» **What is required**
Before you return the lines below, strip out any images and keep every word as written.

» **Provided data**
━━━━━━━━━━━━━━━━━━━━

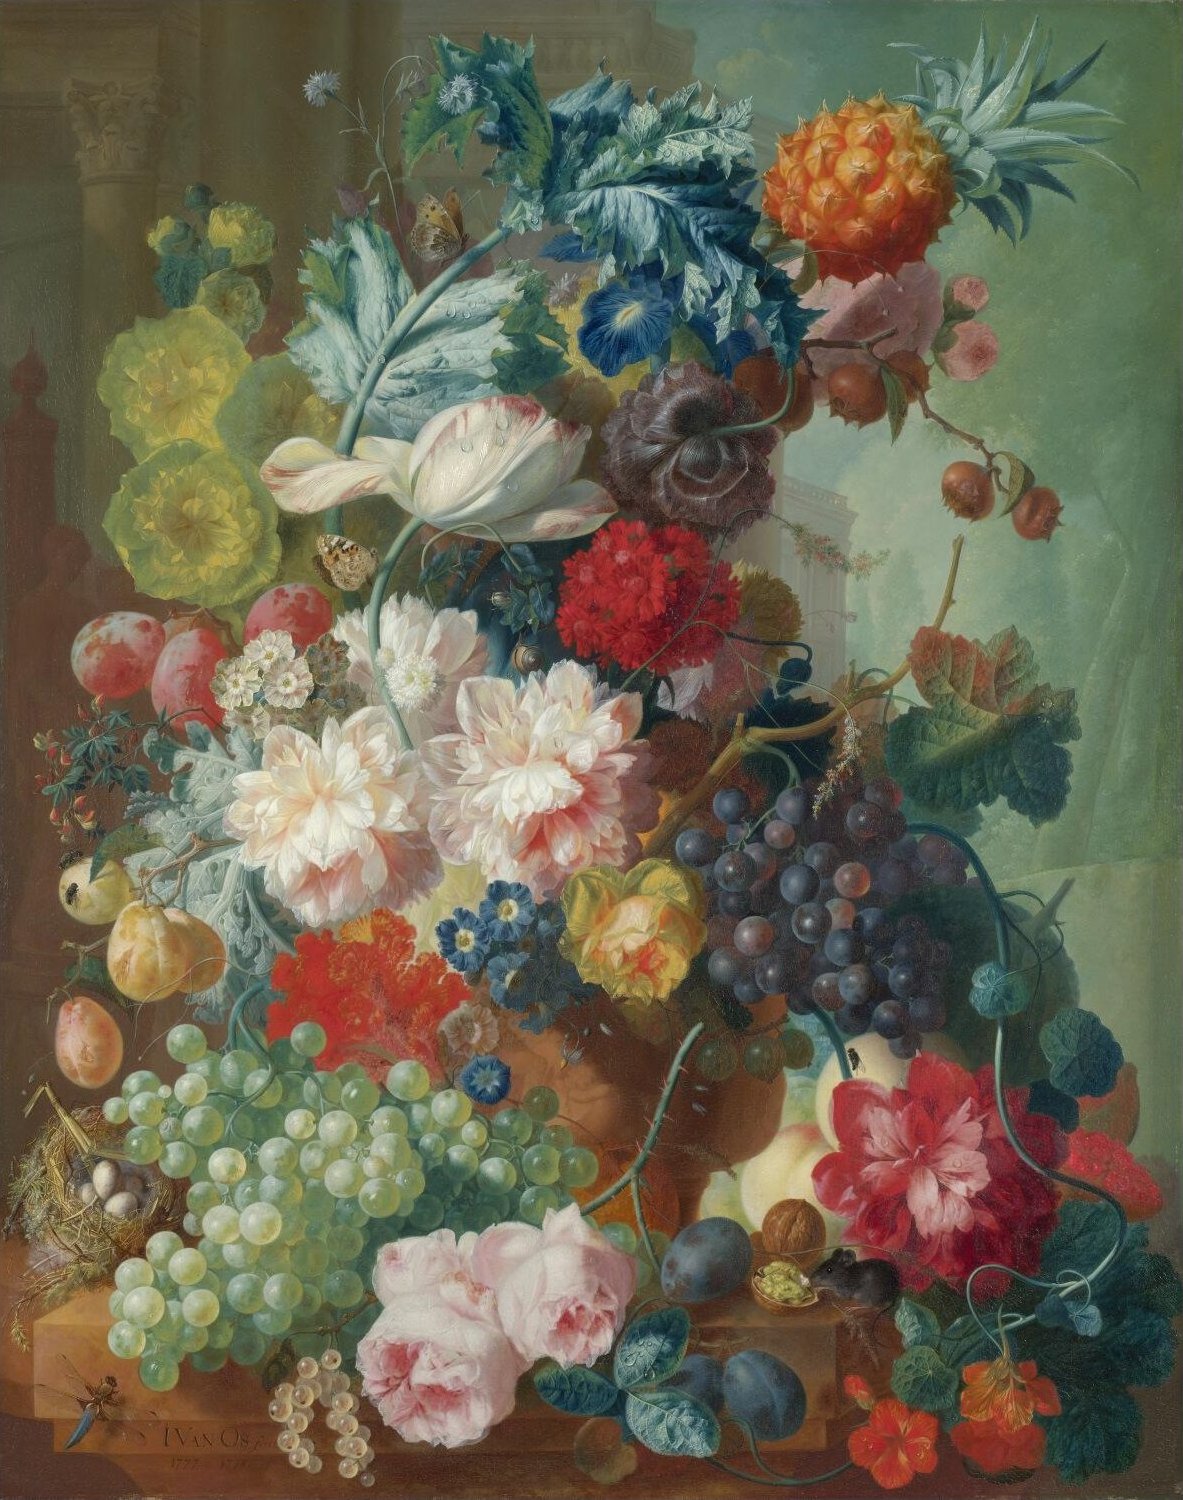 Fleurs dans un vase en terre cuite by Jan Huysum - 1736-37 - 133.5 x 91.5 cm 
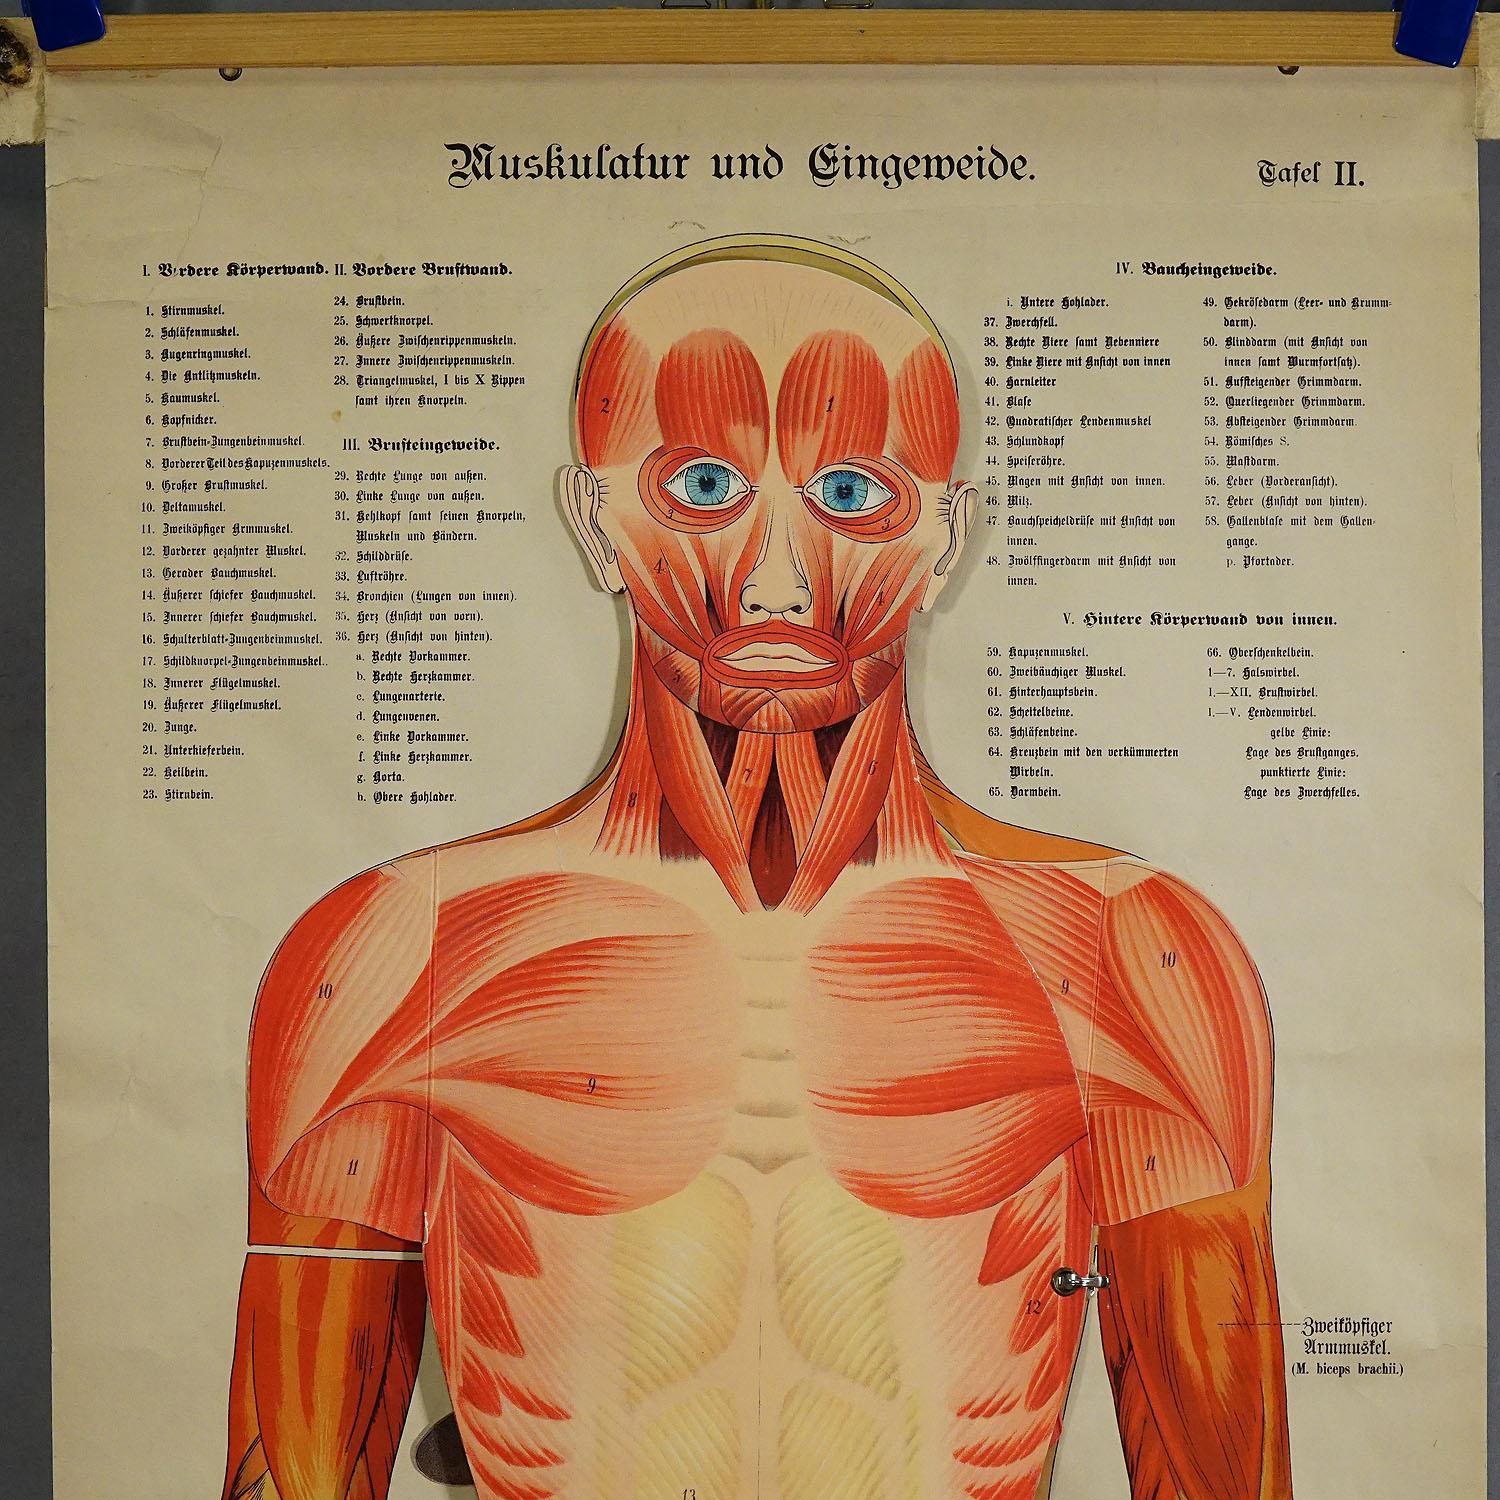 Antike klappbare Anatomische Wandtafel mit menschlicher Muskulatur

Die seltene anatomische Wandtafel aus dem 19. Jahrhundert stellt die menschliche Muskulatur und die inneren Organe dar. Die mehrfarbigen menschlichen Organe wie Lunge, Herz, Leber,
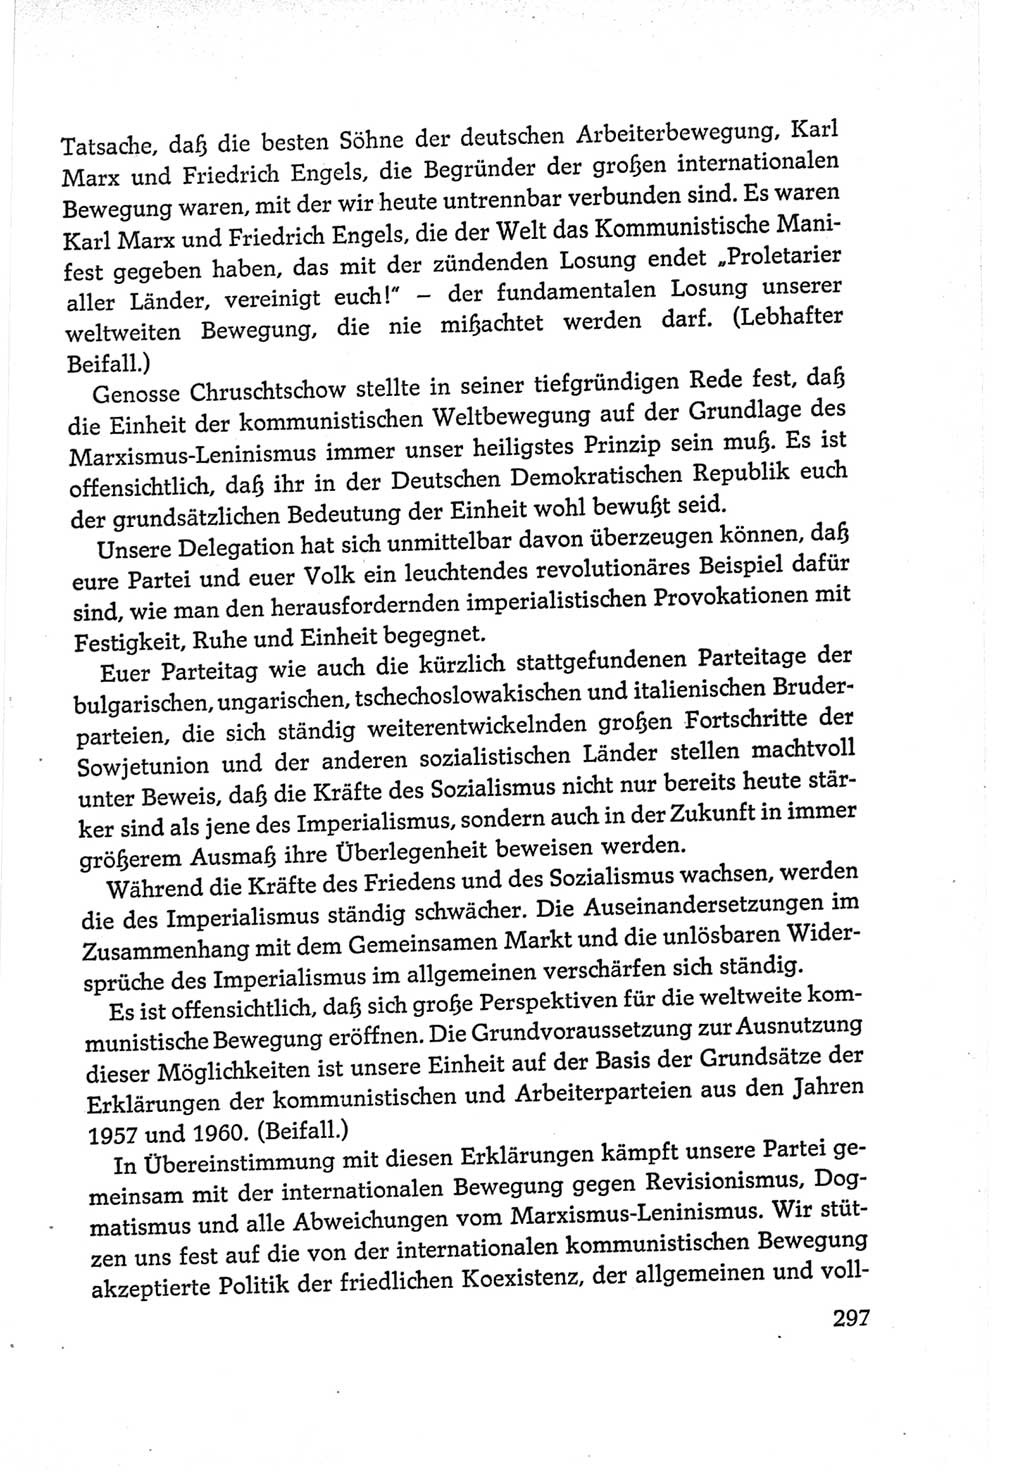 Protokoll der Verhandlungen des Ⅵ. Parteitages der Sozialistischen Einheitspartei Deutschlands (SED) [Deutsche Demokratische Republik (DDR)] 1963, Band Ⅱ, Seite 297 (Prot. Verh. Ⅵ. PT SED DDR 1963, Bd. Ⅱ, S. 297)

━━━━━━━━━━━━━━━━━━━━

» **Output for this exercise**
 Fleurs dans un vase en terre cuite by Jan Huysum - 1736-37 - 133.5 x 91.5 cm 
 Antike klappbare Anatomische Wandtafel mit menschlicher Muskulatur

Die seltene anatomische Wandtafel aus dem 19. Jahrhundert stellt die menschliche Muskulatur und die inneren Organe dar. Die mehrfarbigen menschlichen Organe wie Lunge, Herz, Leber,
 Protokoll der Verhandlungen des Ⅵ. Parteitages der Sozialistischen Einheitspartei Deutschlands (SED) [Deutsche Demokratische Republik (DDR)] 1963, Band Ⅱ, Seite 297 (Prot. Verh. Ⅵ. PT SED DDR 1963, Bd. Ⅱ, S. 297)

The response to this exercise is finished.